Финн, отдышавшись после первого потрясения, сообразил, что Нарбондо угрозы не представляет. Правая рука злодея была пленена грибами, толстый пласт мерцающих гифов разросся по верху головы, буквально слившись со скальпом. Зеленая плоть грибов пульсировала, словно сердце, перекачивая какие-то соки.
Финн прижался к дверце, отчаянно борясь с желанием открыть ее и выпрыгнуть наружу. Он слышал, как жуют и топчутся лошади, как возница спрыгнул на землю, как уводят лошадей. Наступила тишина, и парнишка воспользовался случаем приотворить дверцу и выглянуть. Они находились в каретном сарае. Финн заметил черный брогам, высокую стену, на которой висела сбруя, завесу дождя в дверном проеме – правда, дверь очень быстро скользнула в пазы, отгородив каретный сарай от внешнего мира. Финн оказался в ловушке.
Он закрыл дверцу и посмотрел на Нарбондо, который тяжело заворочался, словно собираясь проснуться. Окутавшие злодейского доктора гифы содрогнулись – казалось, они ожили, ощутив движение пленника. Шляпка гриба – величиной с тарелку – приблизилась к плечу Финна и медленно потянулась к нему, видимо, ощущая присутствие еще одной потенциальной жертвы; внешняя кромка гриба сморщилась и скривилась, будто губа человека. Финн, заметив на ней тысячи крохотных присосок, которые вытягивались и сокращались, попытался отступить к двери, но что-то удержало его ступню: шляпка другого гриба приникла к носку ботинка. Парнишка отдернул ногу, вырвав полумесяц зеленой плоти. Вокруг заклубилась вонь промокшей навозной кучи.

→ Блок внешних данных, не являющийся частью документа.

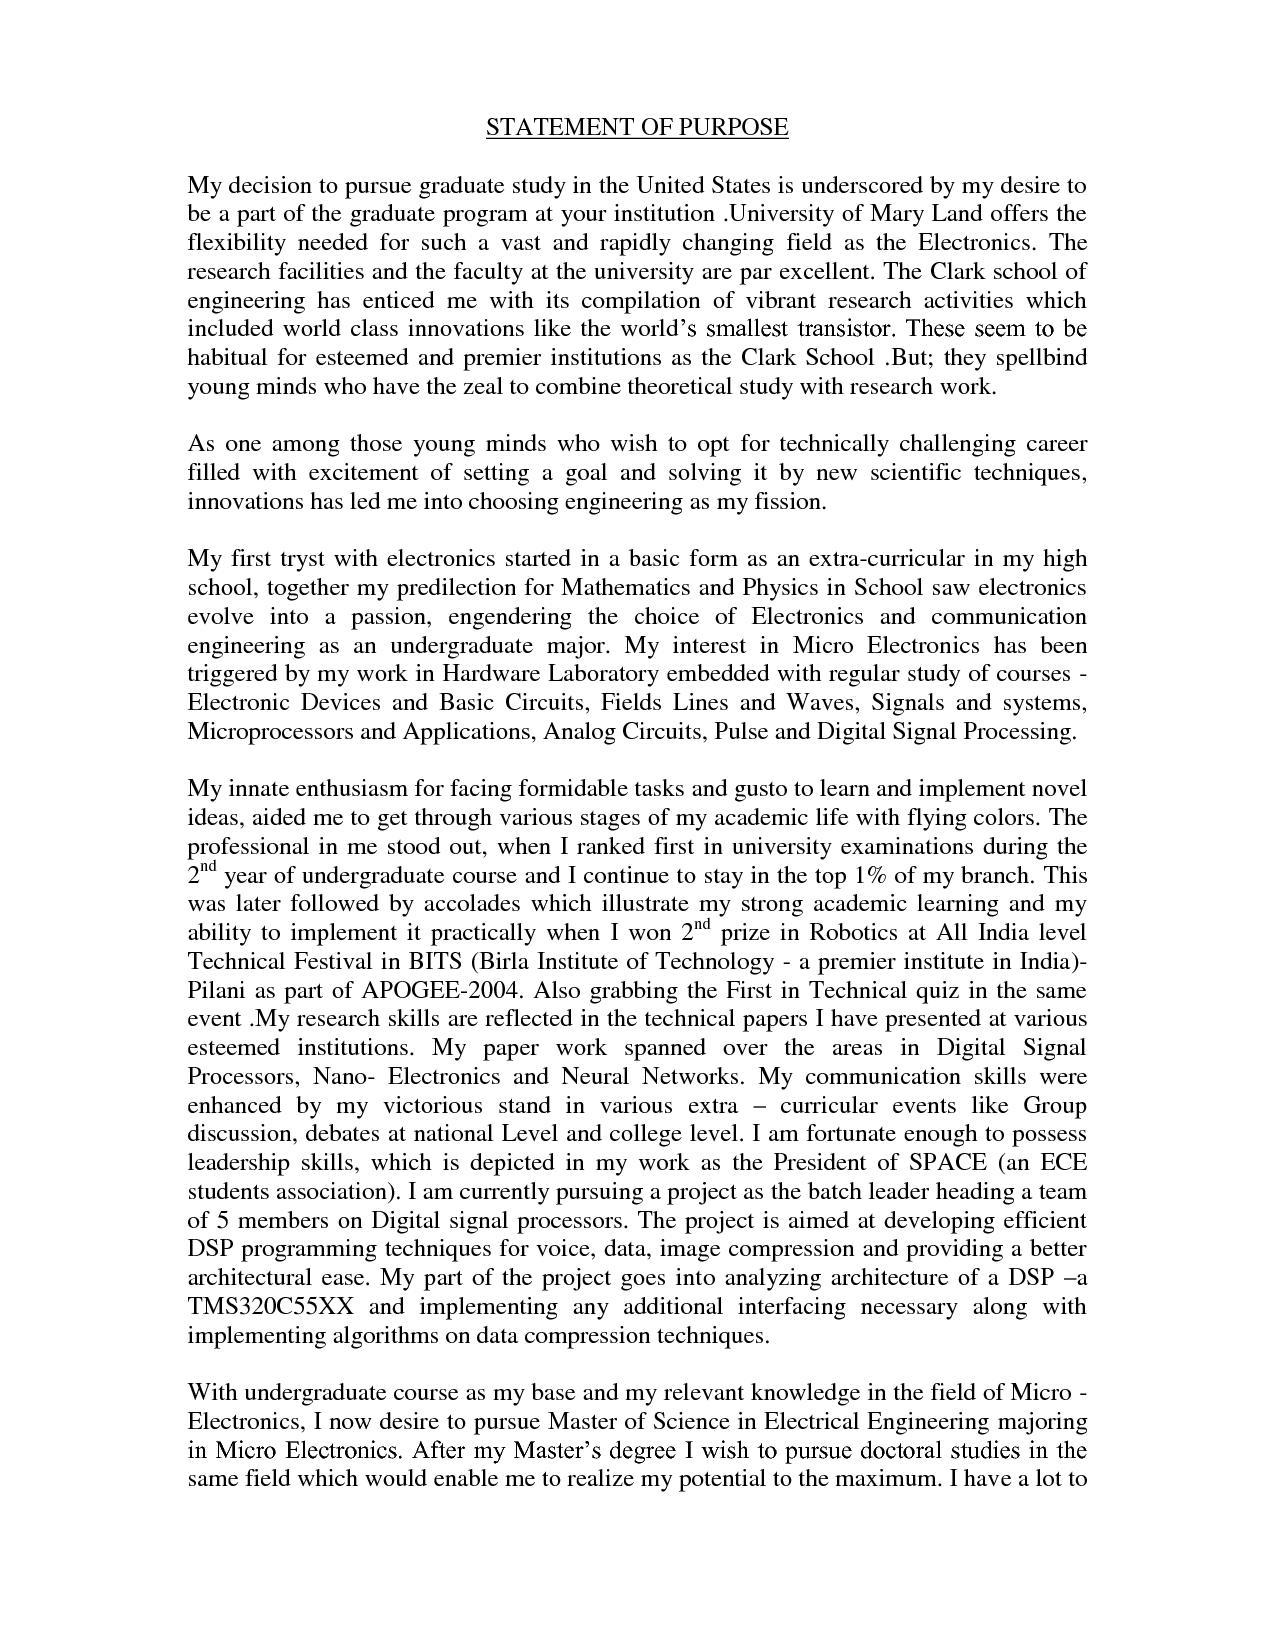 007 Essay Example Statement Of Interest Sample Template M80ewg4r Usc Sensational Prompt Prompts Engineering 2017 Full
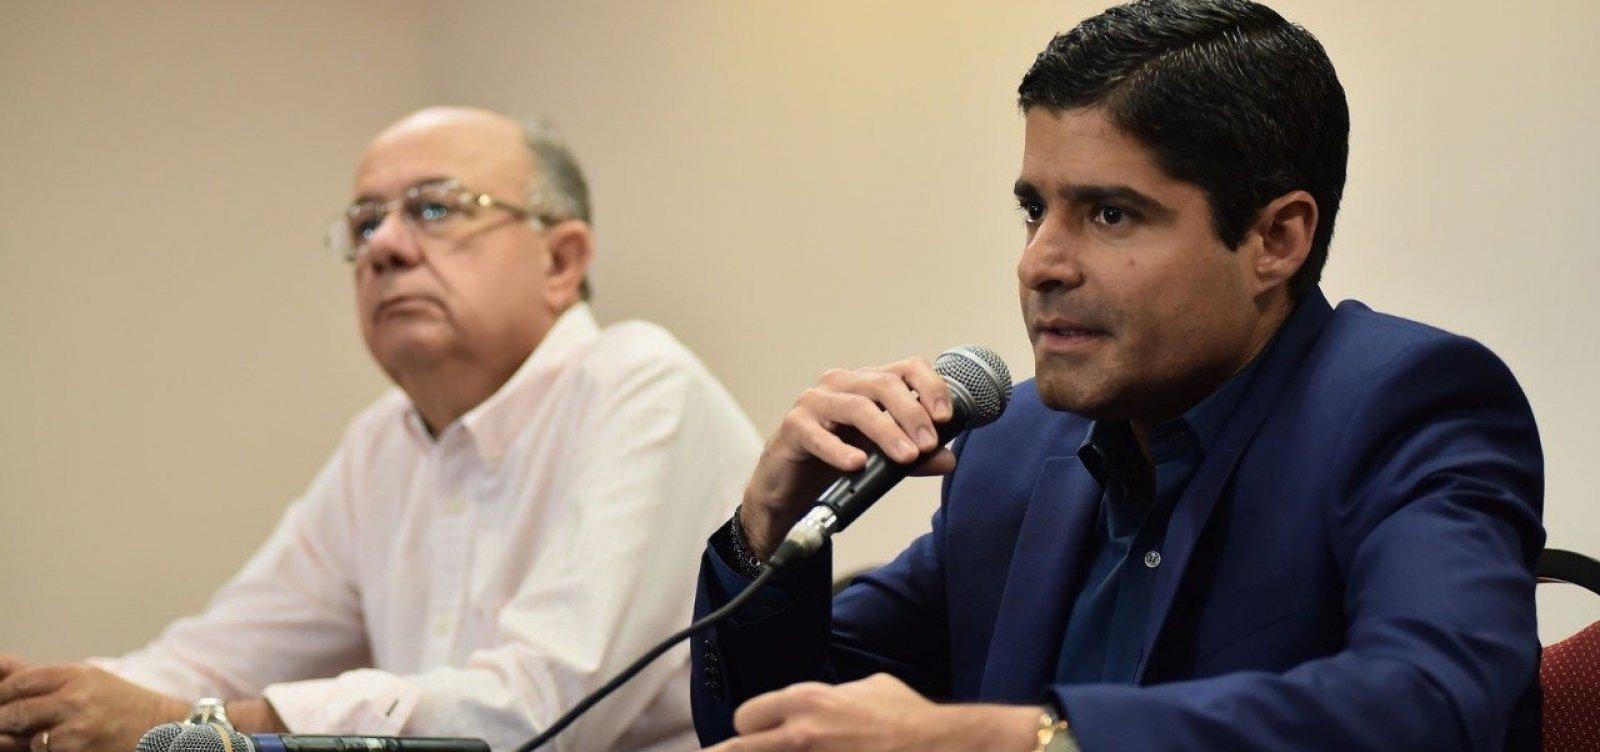 [ACM Neto declara apoio a Jair Bolsonaro]

Финн выхватил устричный ножик и сдернул с него ножны, прикидывая, станут чудовища защищаться, если он полоснет их, или нет и насколько быстро они могут двигаться. Носок ботинка с куском гриба все еще светился. В этот миг послышались чьи-то голоса, и Финн с удивлением почувствовал, что фургон снова тронулся вперед, покачиваясь на рессорах, а затем остановился с приглушенным лязгом, поскольку достиг некой цели. Все внимание Финна сейчас занимали грибы – нож парнишка держал в правой руке, а левая лежала на задвижке дверцы. Фургон еще раз дернулся, после чего донесся звук заработавшего механизма, а чувства сообщили, что сомнительное убежище едет куда-то вниз.
«Более чем странно», – подумал Финн и снова на мгновение приоткрыл дверцу. Оказалось, что они в самом деле опускаются в освещенную шахту, облицованную деревом. Поклажу фургона – большой деревянный ящик-футляр, в котором доктор Нарбондо покоился, словно в склепе, на ложе из грибов, – вкатили в лифт и запустили его на спуск. В какой-то момент шум мотора затих – прибыли! Финн продумывал разные виды лжи, которые объяснят, что он делает в этом ящике, но ему не пришло в голову ничего лучше, чем говорить, что он укрылся в фургоне от дождя.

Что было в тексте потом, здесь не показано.